だからアレスは彼女たちの力の源を絶ってやったと言っていた。



『どうやって?』


『ん? 精霊王にお前が精霊(子供)たちを躾けないなら、俺が直々に教育して(始末して)やるがどうする?って提案しに行ったんだよ』


『それ脅し……』


『せっかく魔族を間引きしたってのに、バカな精霊が邪悪な魂に力を貸してちゃキリがないだろ。次は人間同士の争いが起こるのは目に見えている。争いの種は早々に摘んでおかないと俺が面倒くさいんだ』


『精霊王なんて実在するんだね……』


 話題が空想じみててイマイチ頭に響かない。


『いるぞ。自然を守っているのは精霊たちだ。魔王たちを排除したのはアイツらの要望でもあった。瘴気と魔物が増えすぎて自然が汚染されていたからな』


『だから下界に神託を授けてアレスが聖剣になり、ケイレブに力を貸したの?』


『そうだ。上司の命令で間引きに駆りだされた。神は本来下界に干渉できないんだ。だが世界の秩序が乱れそうになった時のみ、制約内で神力を使うことができる』



 それが今回の魔王討伐に繋がっているらしい。


 そもそも、世界の瘴気が増えたのは邪悪な人間が増えたからだという。



 知性のない下位精霊が無秩序に人間に魔力を授けた結果、彼女たちのような悪意に満ちた人間が増えてしまった。

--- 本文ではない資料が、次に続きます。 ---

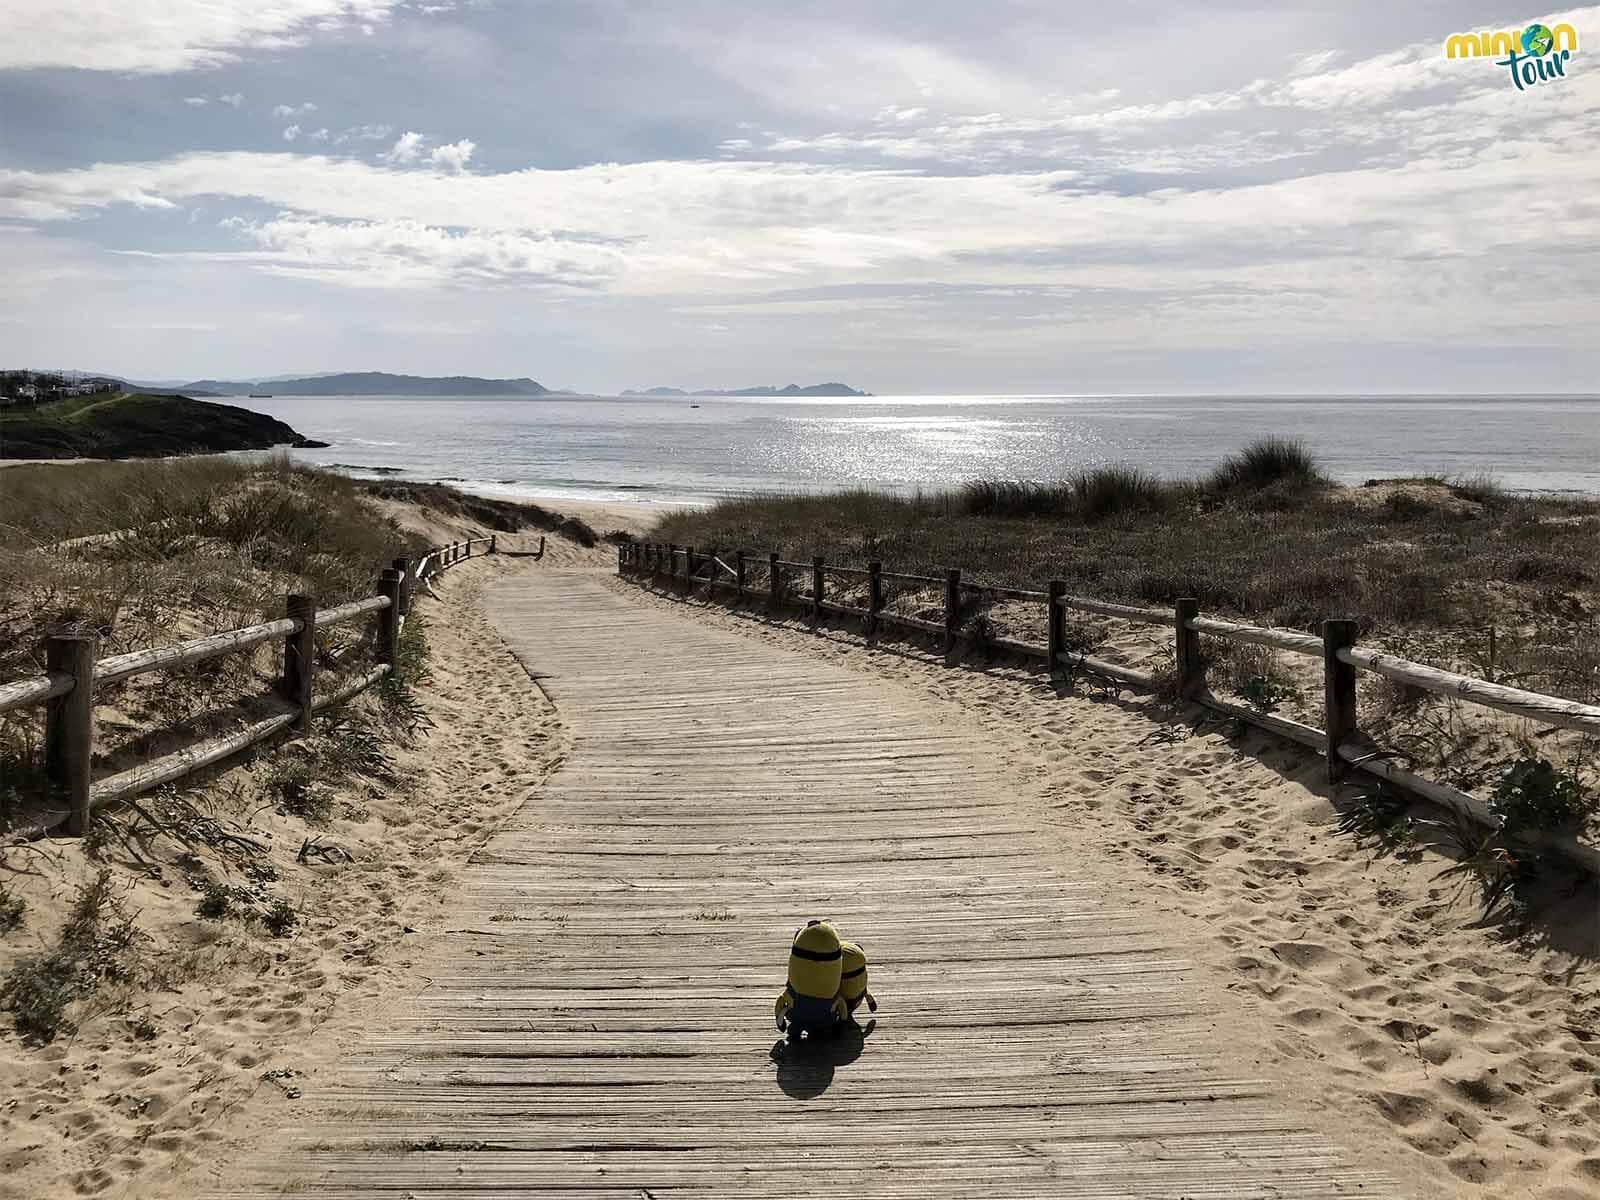 Hoy toca flipar con la Playa de La Lanzada y sus alrededores

 そして恨みが恨みを呼び、それが瘴気となって魔物も増え、魔族の力が拡大した。


 ケイレブも最初は綺麗な魂だったけれど、邪悪な人間に囲まれたことで流され、彼女たちの色に染まってしまったらしい。



『元を辿ればお前の管理不足だろうと精霊王をぶん殴ってきたから、今後は少しはマシになるだろう。戦争でも起きて、自然を失って困るのはアイツらだしな』



 彼女たちだけではなく、危険な思想を持っている人間の魔力は全て取り上げられる予定らしい。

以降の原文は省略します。